Córdoba, Argentina. 20 de Julio del 2007

El reloj marca las veinte horas. Lizbeth camina por la calle buscando las rebajas de las tiendas. No compra mucho, aunque le fascina deambular por los caminos que exhiben las fulguras de faroles, iluminando el gélido contexto invernal, Ésta es una práctica habitual en ella desde hace algunos años. Introvertida en exceso, cuenta con una limitada cantidad de personas dentro de su entorno, solo una tía de avanzada edad y un reducido grupo de amigos rezagados del colegio secundario, con quienes no se relaciona muy a menudo. Su recelo nunca le permitió ampliar ese ínfimo círculo de amistades o aceptar que la incluyeran dentro de otros grupos.
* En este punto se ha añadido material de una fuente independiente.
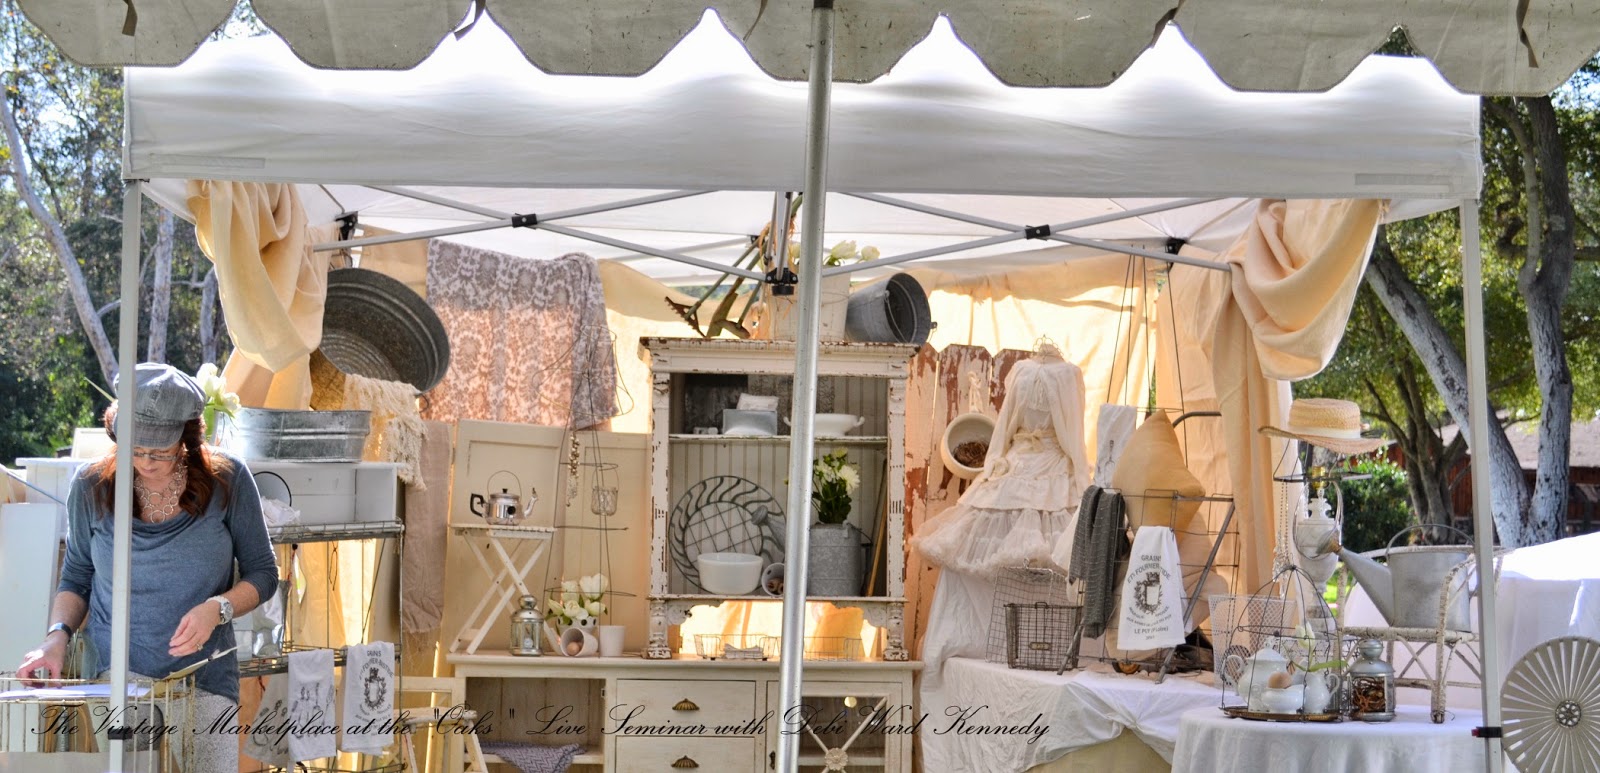 The Vintage Marketplace at the Oaks

Tiene un don para atraer las miradas, esa clase de atención que provoca una gallardía simple, una mirada tierna, afectuosa. De lejos, se puede delirar con sus bellos ojos café, su silueta casi perfecta; de cerca, su entrecejo fruncido permite entrever cómo en la vida tuvo que tolerar los efectos nocivos provocados por el exceso de confianza, y asimilar que, detrás de las insinuaciones amables, siempre, y sin excepción se oculta la ambición de poseerla.

Ella sabe que no debe confiar en nadie, lo comprendió en la casa de su tía Beatriz después de una cena que pretendía conmemorar su octavo año de vida. Jamás pudo suprimir ese recuerdo de su memoria, esas repugnantes y ásperas manos frotando sus partes más íntimas, eso la convirtió en una joven cautelosa y desconfiada. Aun habiendo pasado tantos años, nunca se atrevería mencionar lo acontecido por aquella época, mucho menos a la única pariente que le queda. Le genera temor especular con el rechazo que ésta pueda llegar a sentir tras conocer la aberrante situación de abuso sexual a la que fue sometida por su esposo.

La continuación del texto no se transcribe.